**INSTRUCTIONS TO FOLLOW:** For the data below, give again exactly the lines from the one containing "Exclusive Finca for" through the one containing "Bride and bridesmaids", both ends included, and no others.

**DATA EXTRACTS:**
________
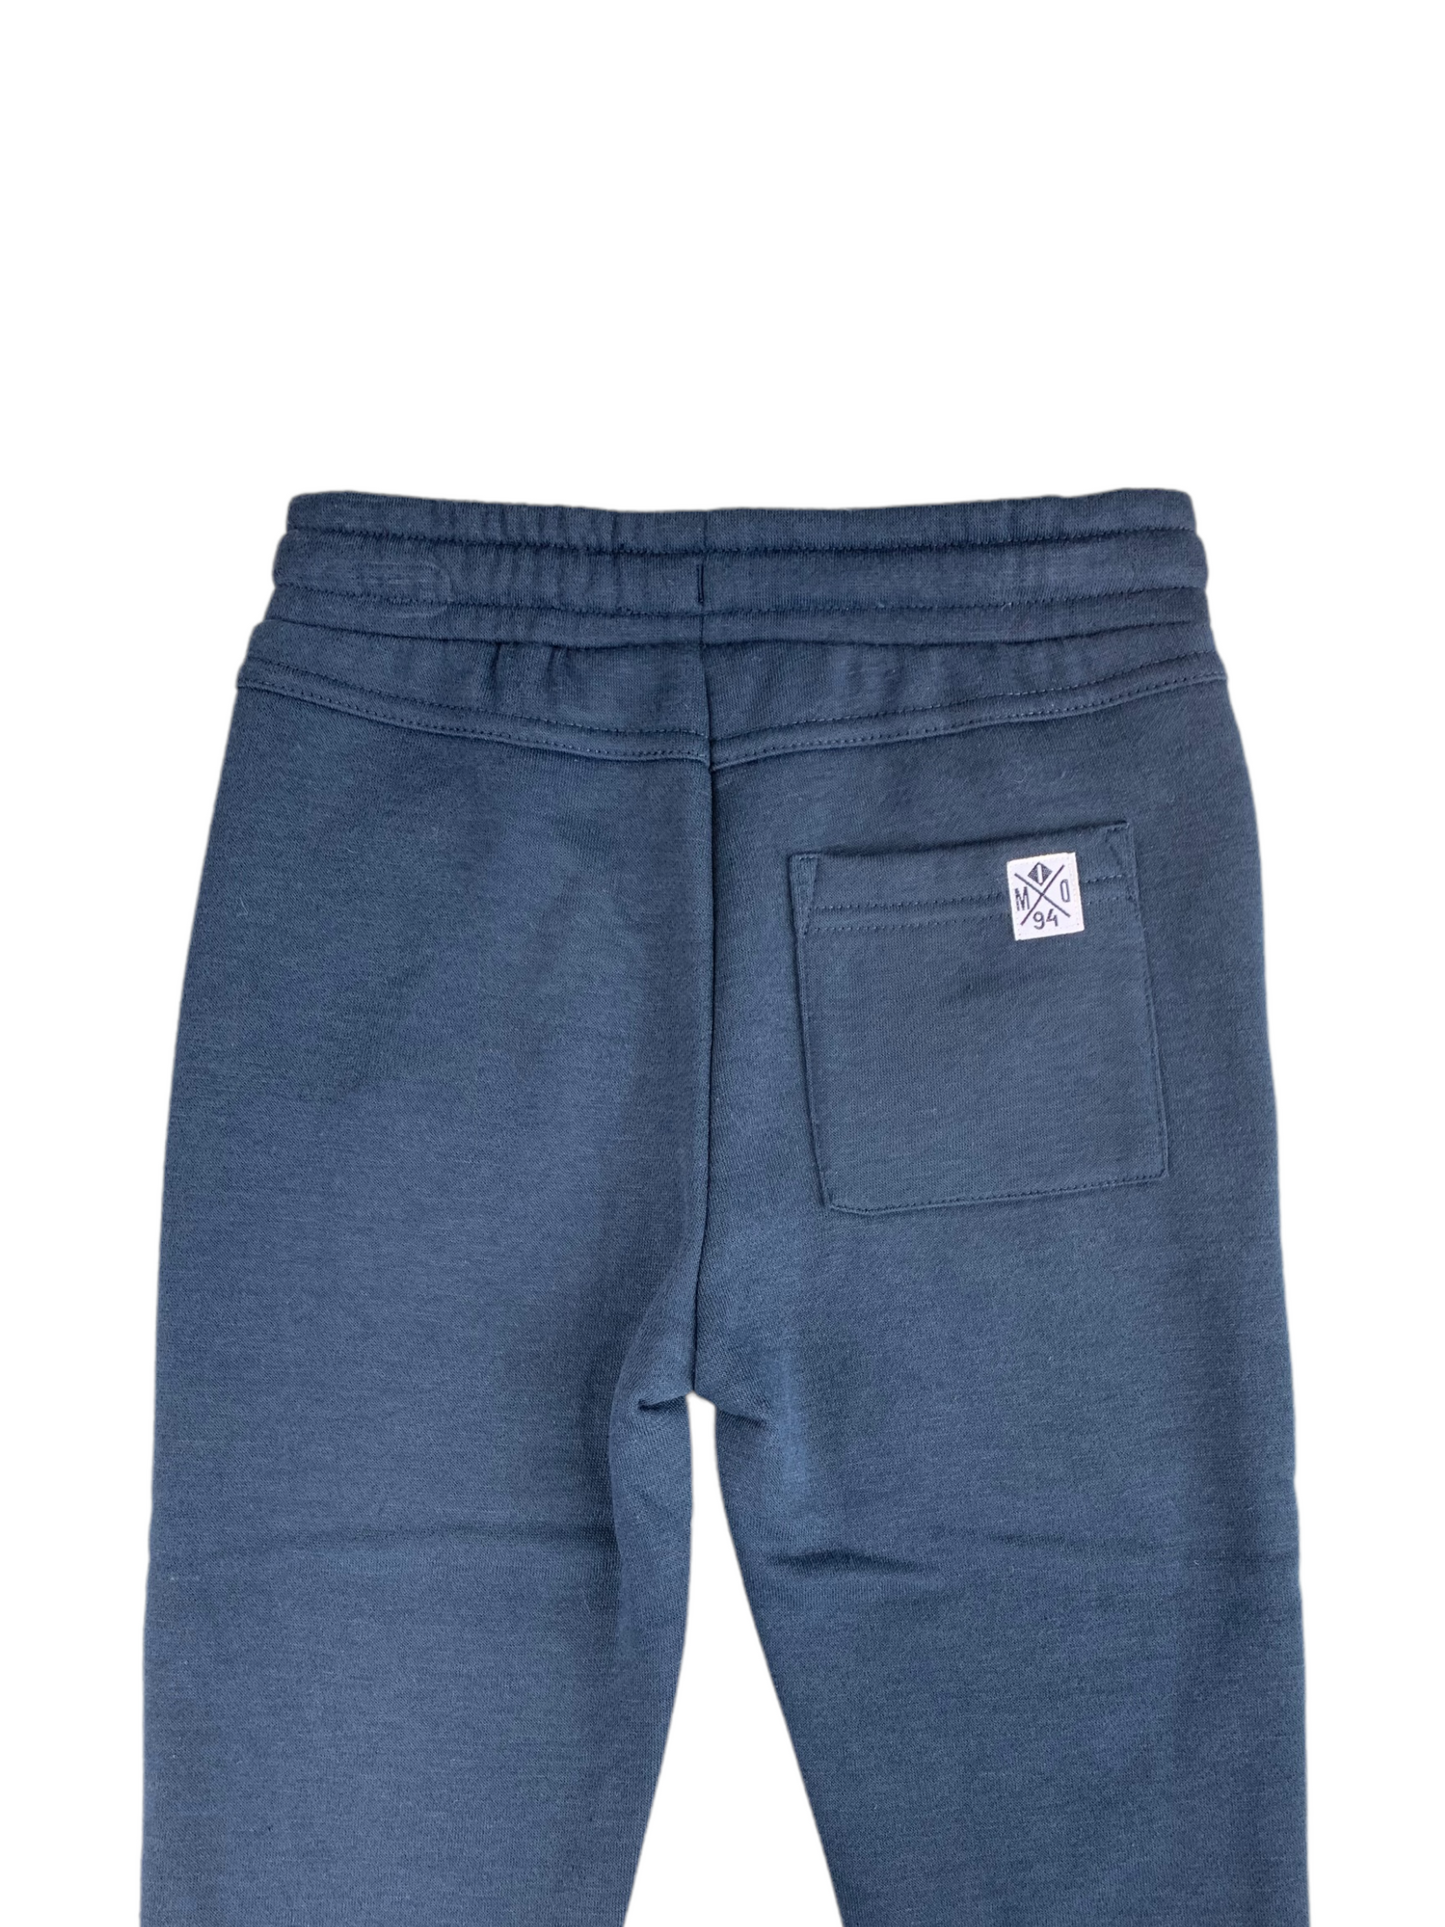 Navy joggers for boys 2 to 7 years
________
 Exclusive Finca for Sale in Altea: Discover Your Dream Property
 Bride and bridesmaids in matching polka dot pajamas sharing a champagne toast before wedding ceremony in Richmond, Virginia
________
**RESPONSE BELOW:**
 Exclusive Finca for Sale in Altea: Discover Your Dream Property
 Bride and bridesmaids in matching polka dot pajamas sharing a champagne toast before wedding ceremony in Richmond, Virginia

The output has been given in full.